Посреди пестрого многоголосья плакатов примостилась и одинокая потрепанная фотокарточка, на которой запечатлен наш третий «бэ» на какой-то школьной экскурсии.
Я доедаю второй пирожок, когда возвращается Паша.
В темных бермудах и свежей белой футболке, с мокрыми взъерошенными волосами и полотенцем, перекинутым через плечо. Он захлопывает за собой дверь.
— Ты здесь живешь? — спрашиваю, быстро засовывая за щеку апельсиновую сосучку, которую нашел в кармане толстовки.

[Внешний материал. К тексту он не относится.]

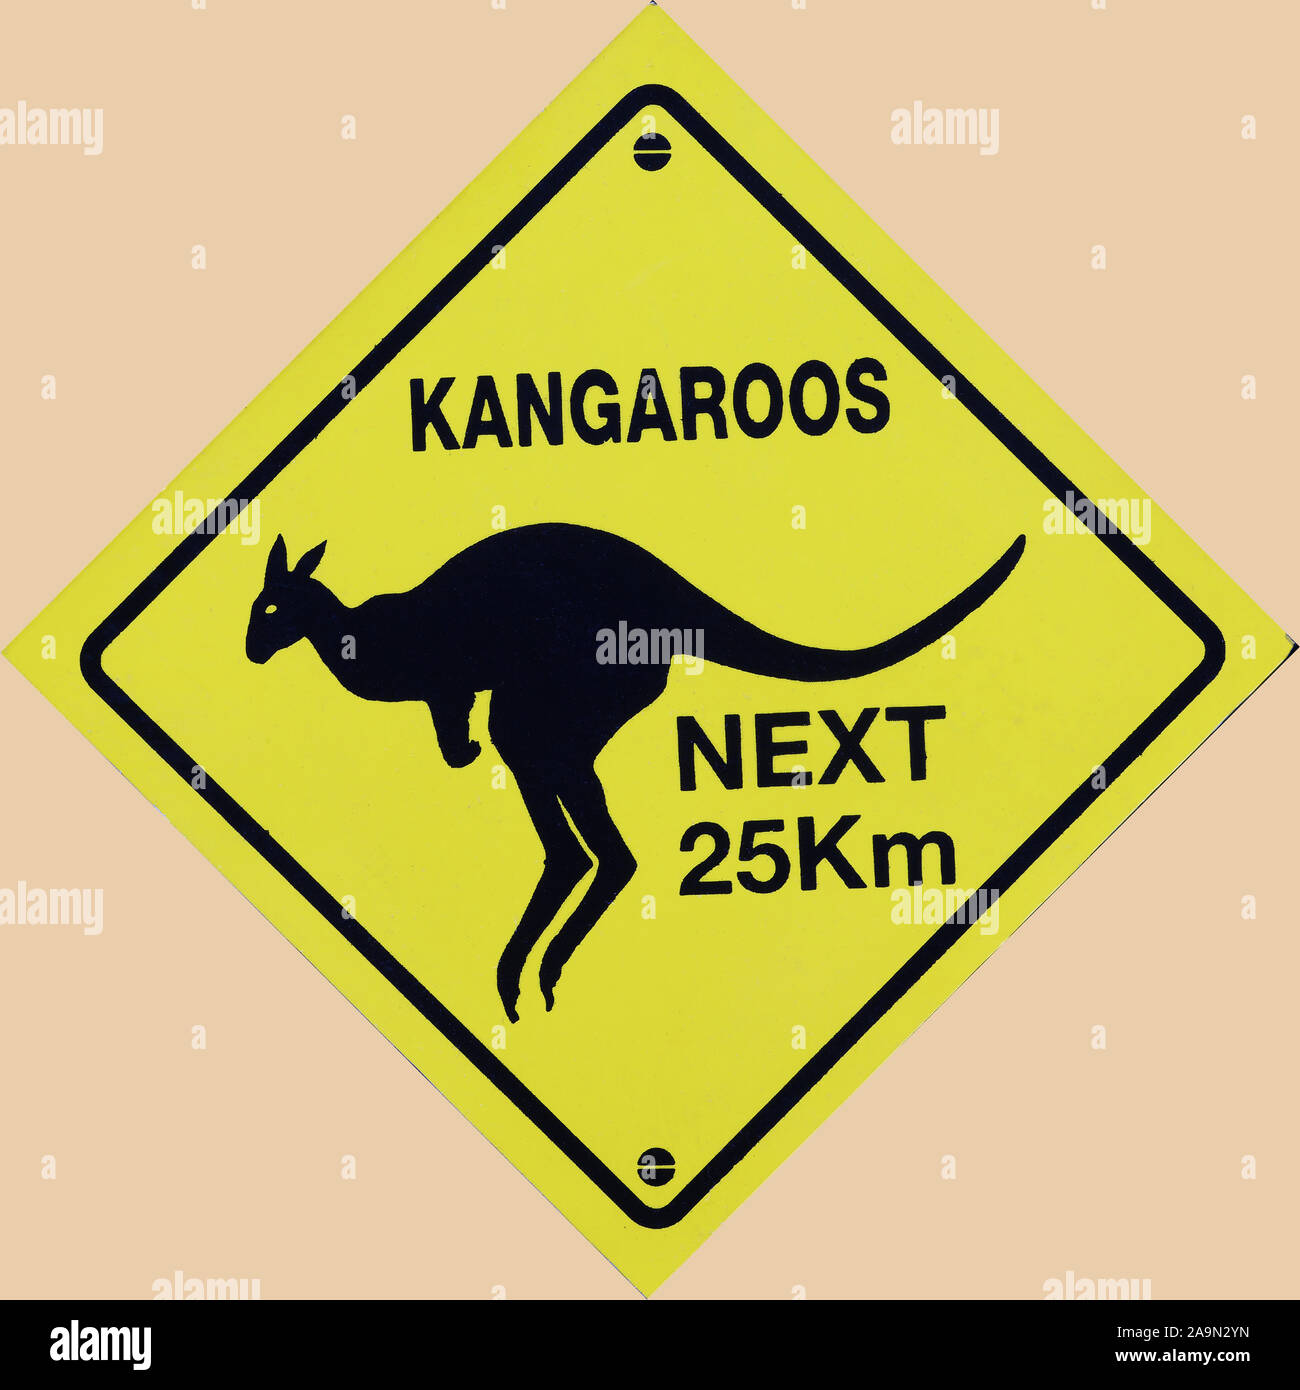 Copy of road sign warning about kangaroo crossing in Australia Stock Photo
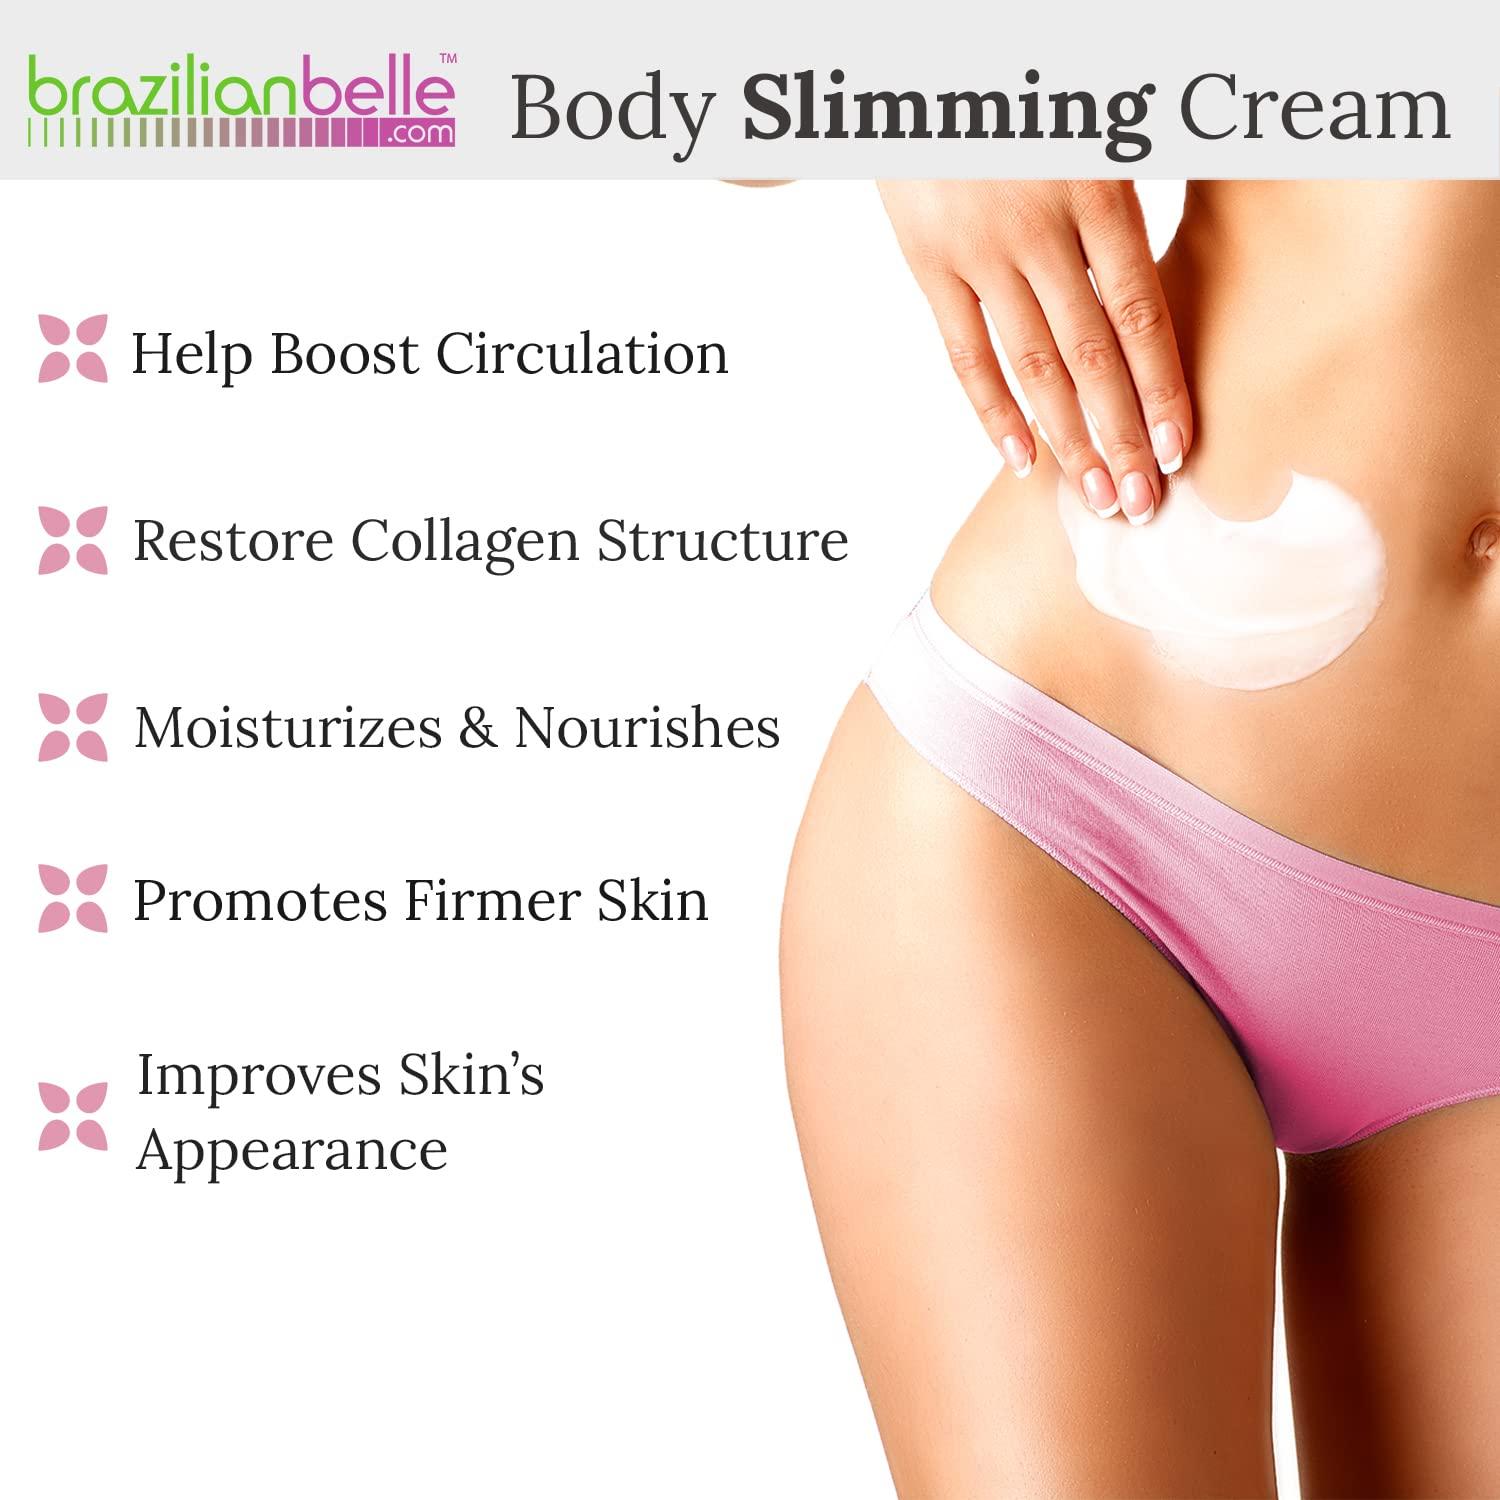 Skin Firming and Toning Cream with Premium Caffeine Extract, Cellulite  Removal Treatment, Helps Tone, Firm, and Rejuvenate Your Body

— Типа того, — Паша бросает полотенце в изножье кровати, присаживается на ее край и подается вперед, опираясь локтями о колени. Озирается вокруг с пренебрежением и едва заметной тоской. — У мамки ухажер ее живет. Она сказала, что либо я не пытаюсь набить ему ебало, когда он погано себя с ней ведет, либо живу отдельно…
Наши взгляды пересекаются.
— Кажется, — говорю негромко, вновь рассматривая явные атрибуты постоянного проживания Паши в комнатушке, — он тот еще говнюк.
Соколов смеется.
Такой мягкий смех. С чудящимися нотками благодарности, какая невольно появляется, когда тебя понимают.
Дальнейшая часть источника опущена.